**Task:**
All lines in the records below from the line with "26 June 2017: Exmouth, Devon, UK" through the line with "Photo of two" are to be given again exactly, both ends included; the pictures are to be left out.

**Data section:**
──────────

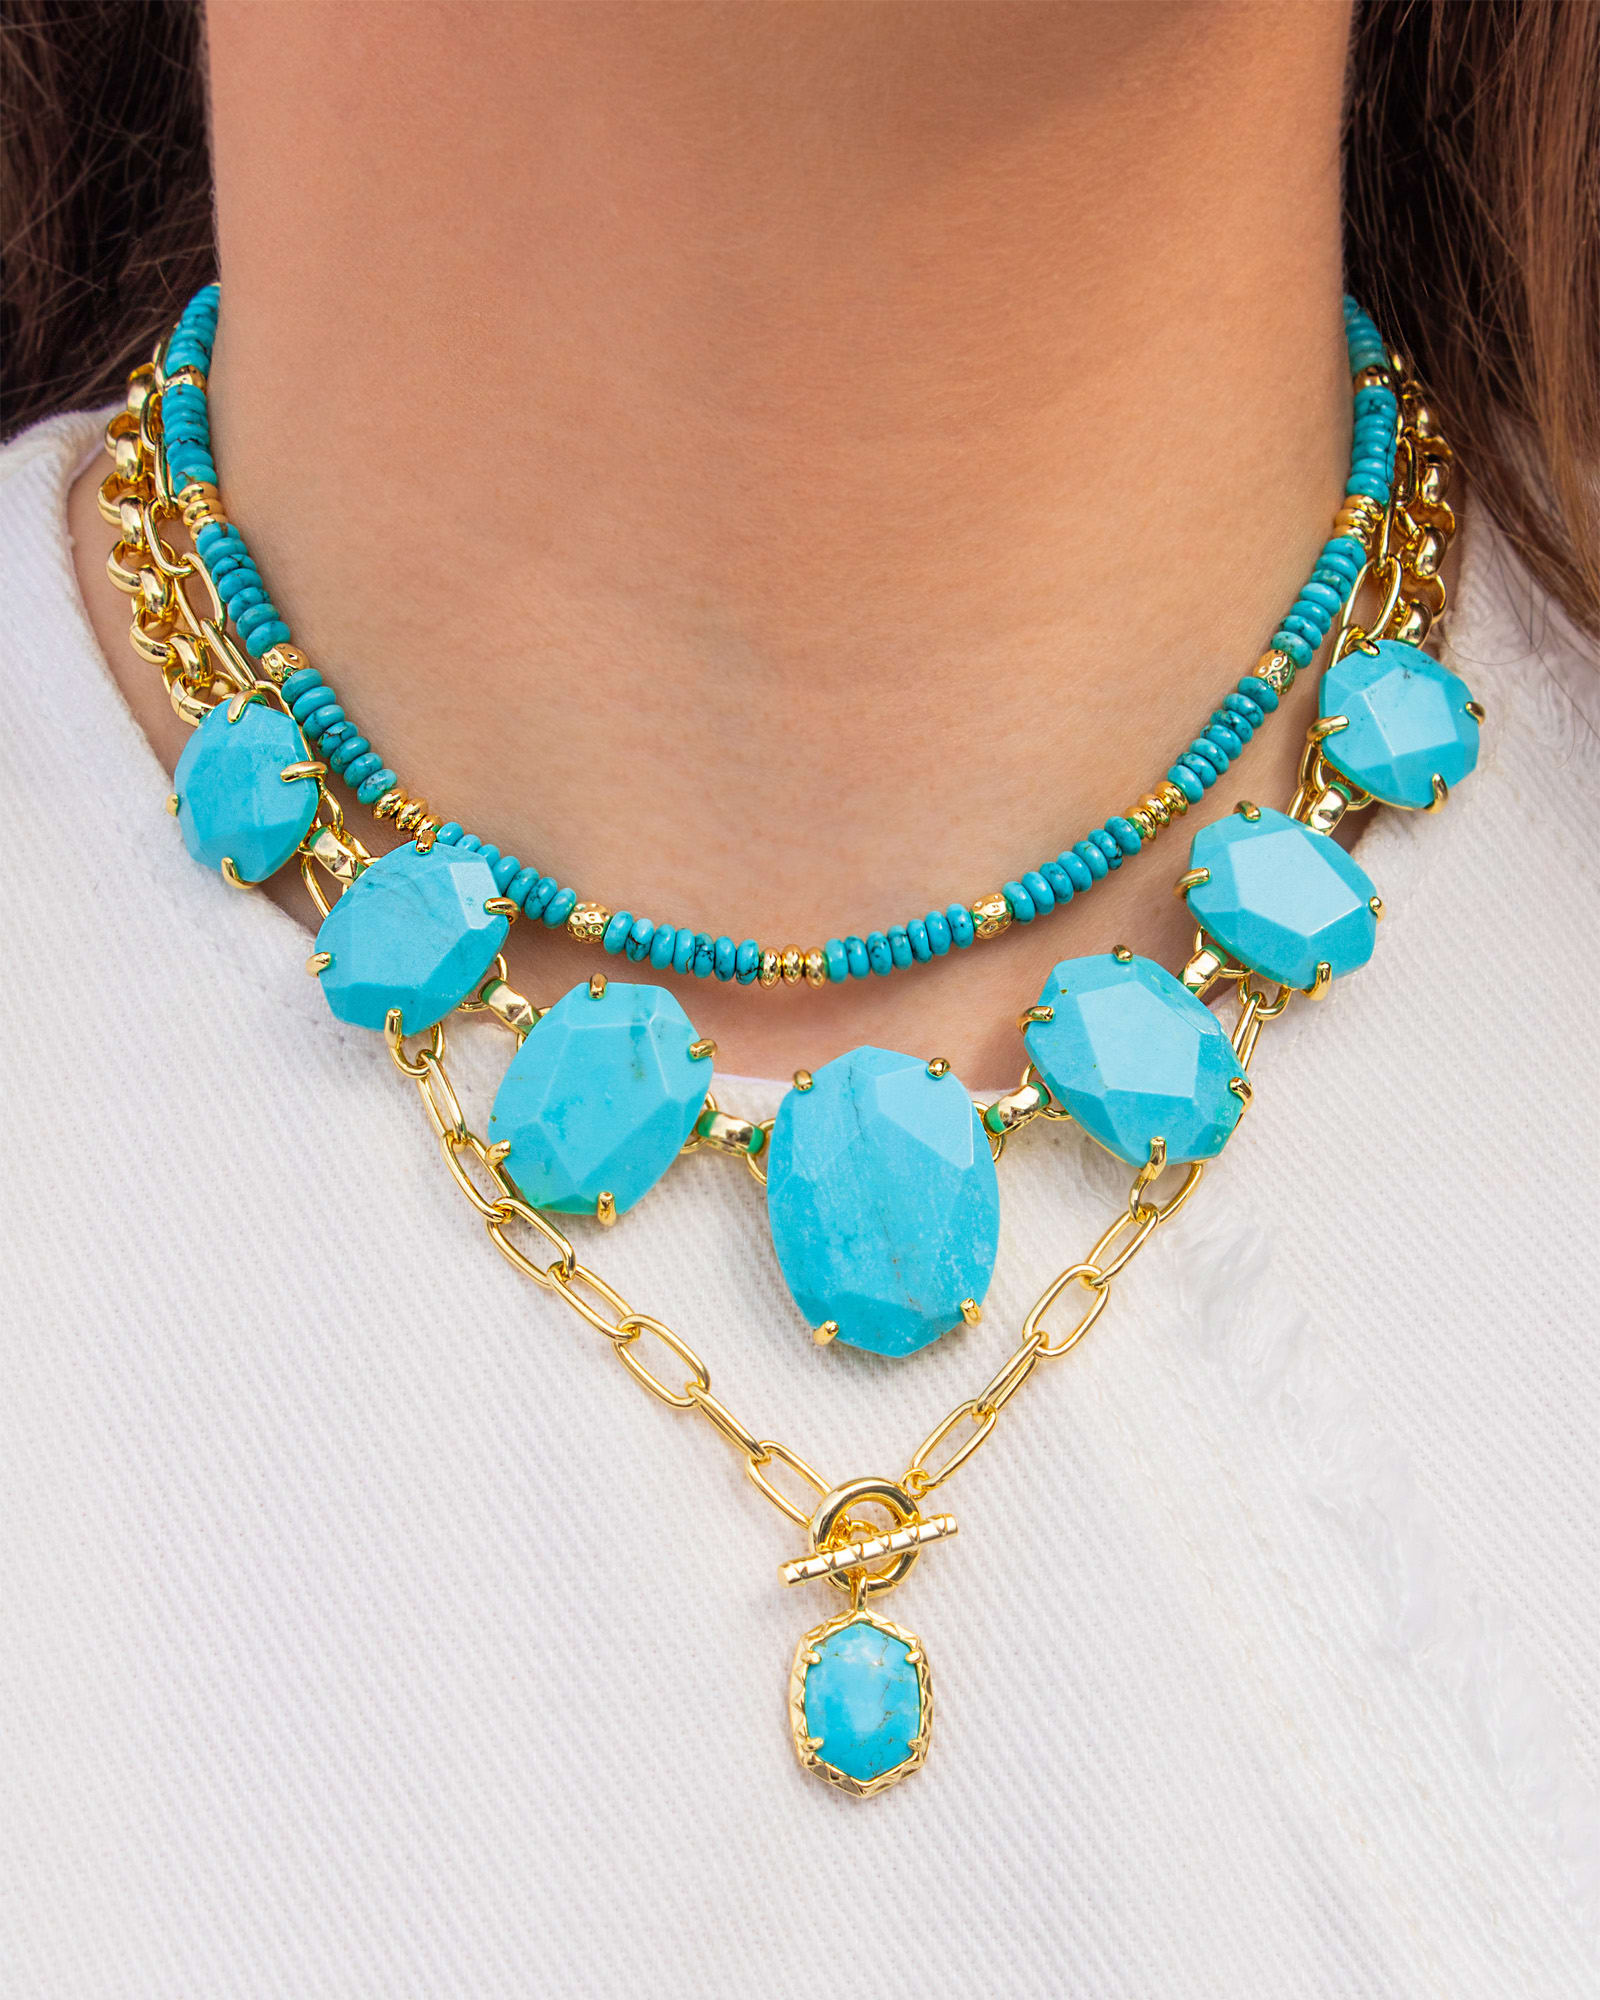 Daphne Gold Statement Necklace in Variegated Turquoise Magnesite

──────────

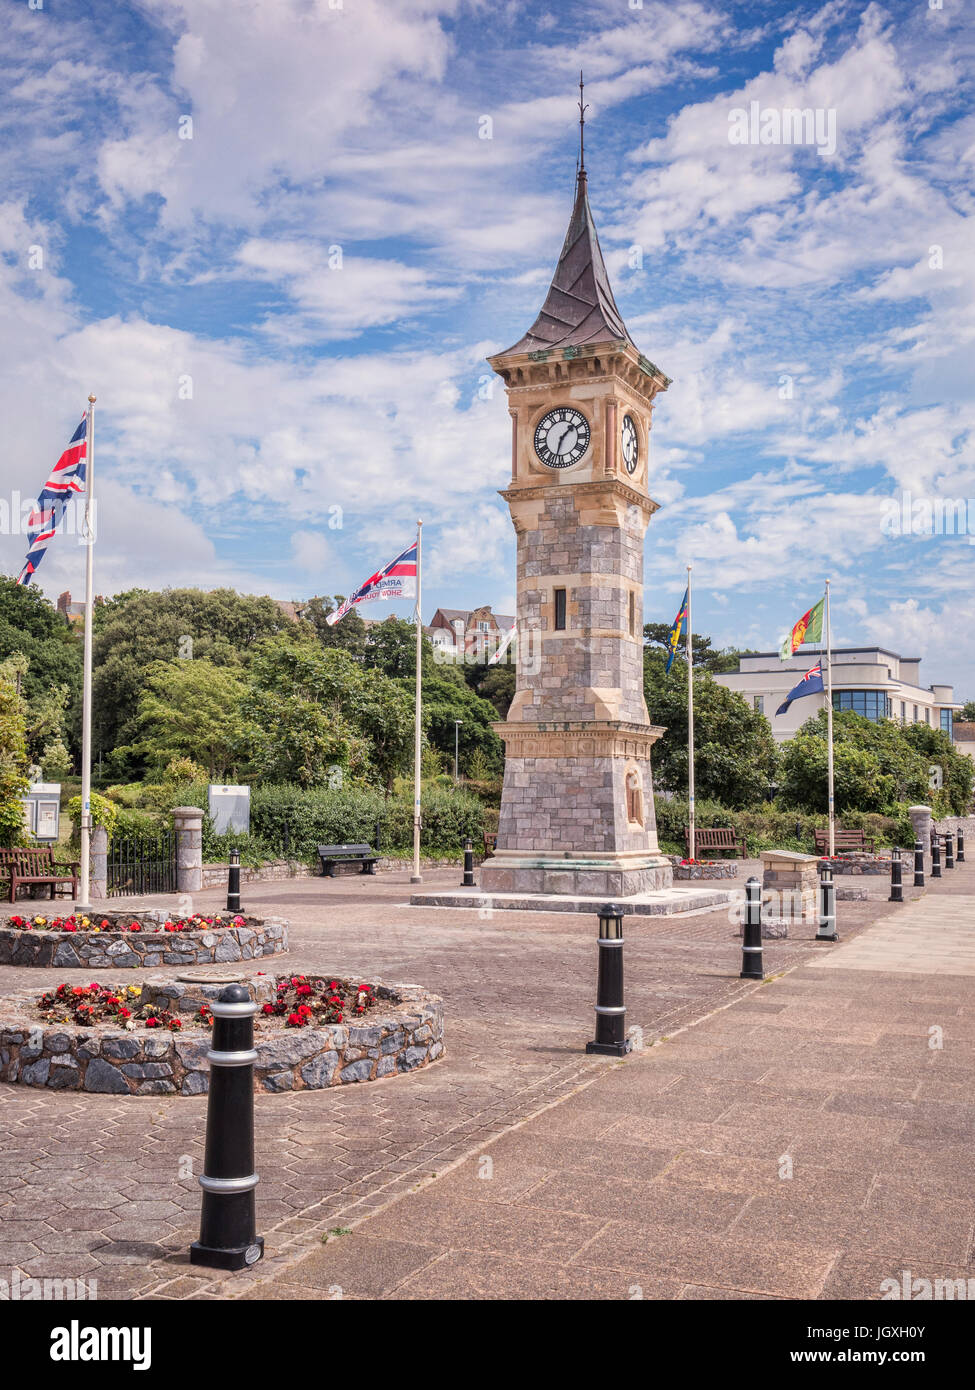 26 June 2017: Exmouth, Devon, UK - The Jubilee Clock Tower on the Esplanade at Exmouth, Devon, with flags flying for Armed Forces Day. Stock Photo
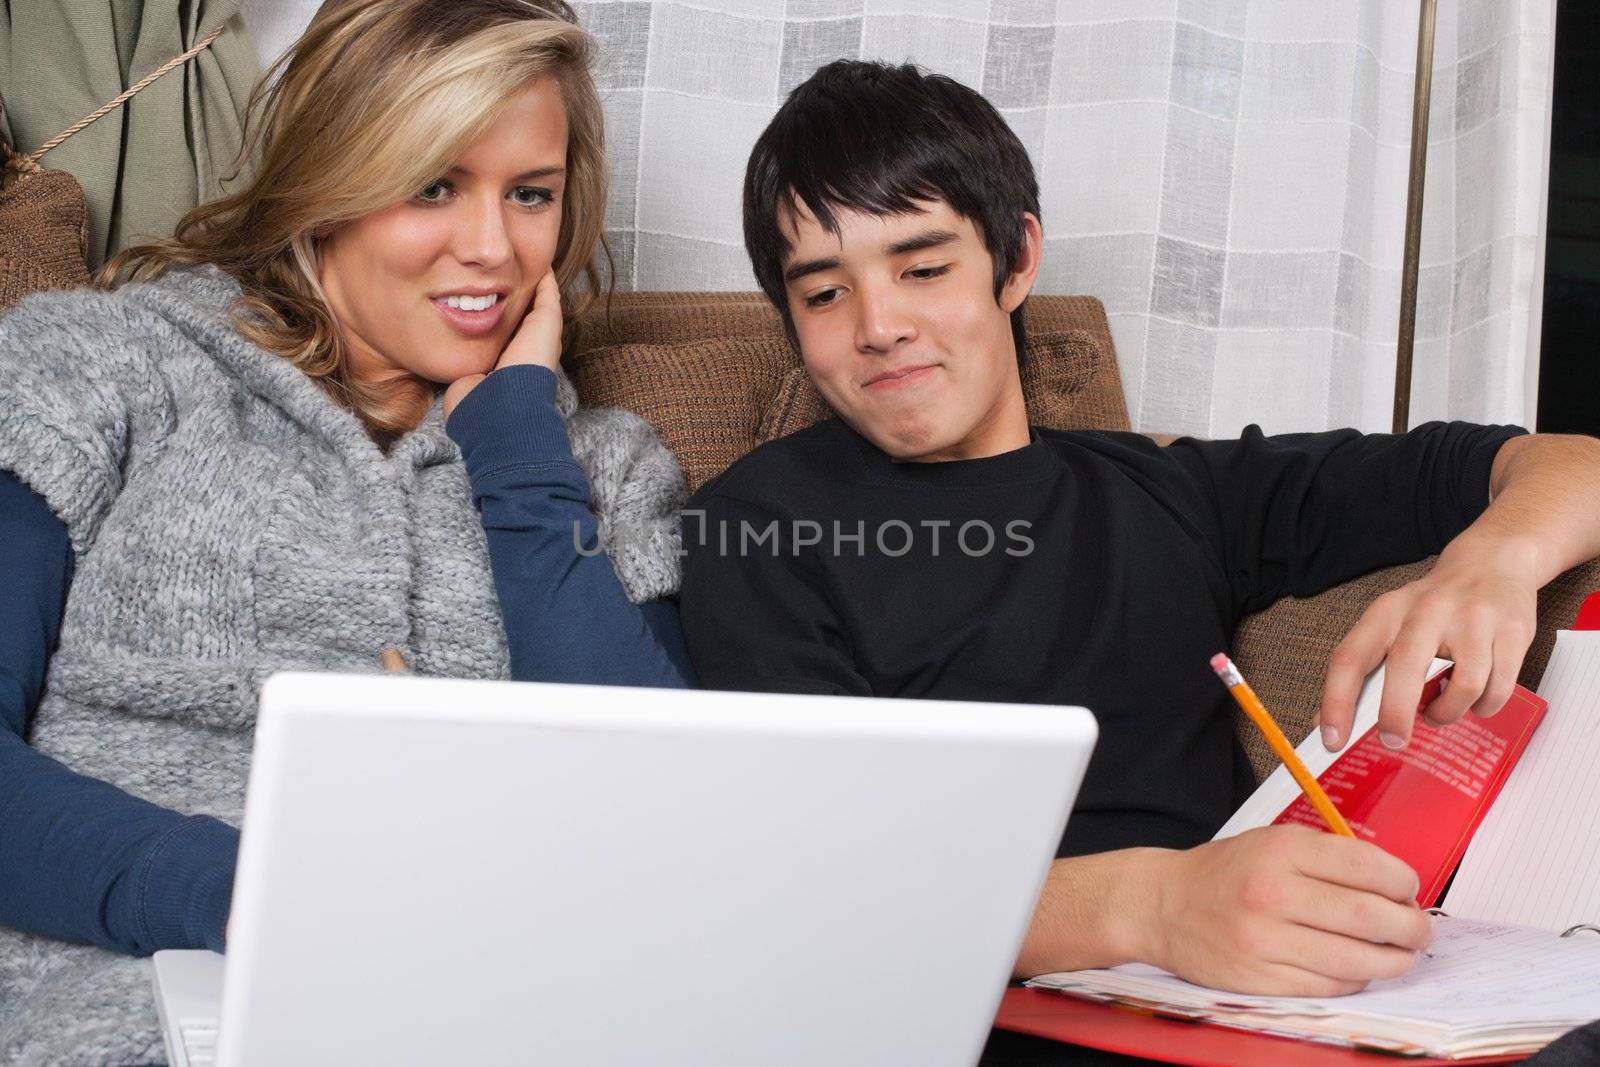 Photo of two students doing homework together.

──────────

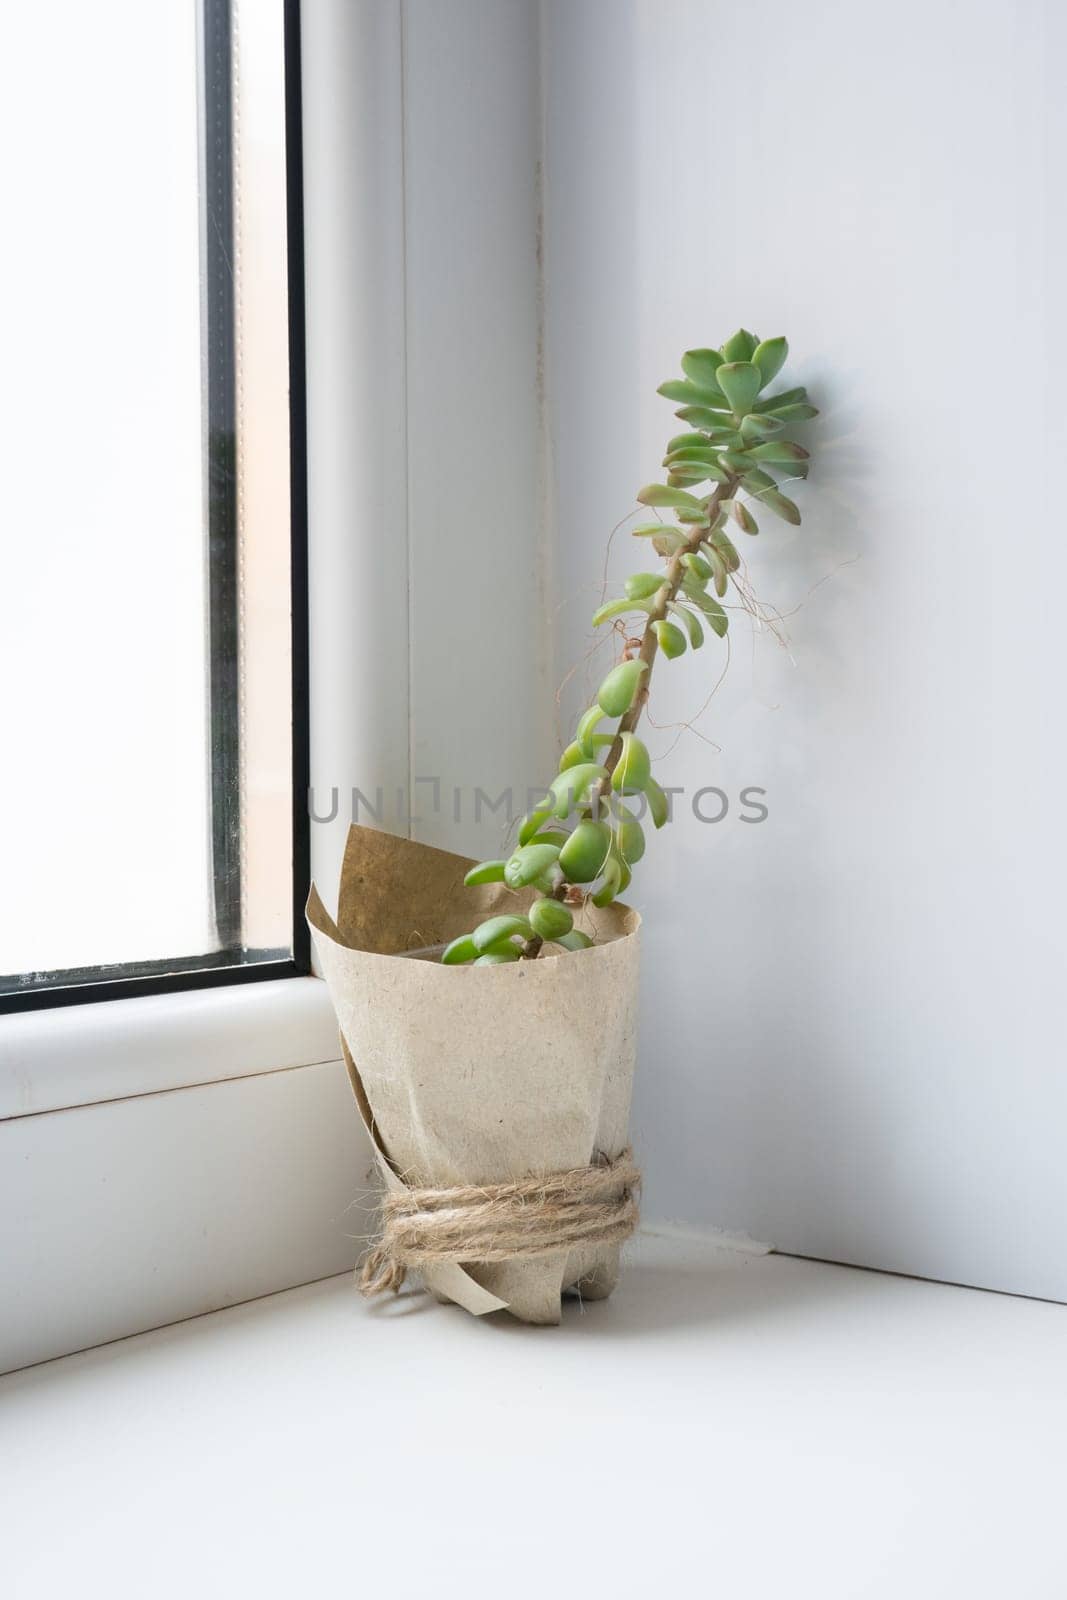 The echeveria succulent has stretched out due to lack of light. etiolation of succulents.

──────────

**Task result:**
 26 June 2017: Exmouth, Devon, UK - The Jubilee Clock Tower on the Esplanade at Exmouth, Devon, with flags flying for Armed Forces Day. Stock Photo
 Photo of two students doing homework together.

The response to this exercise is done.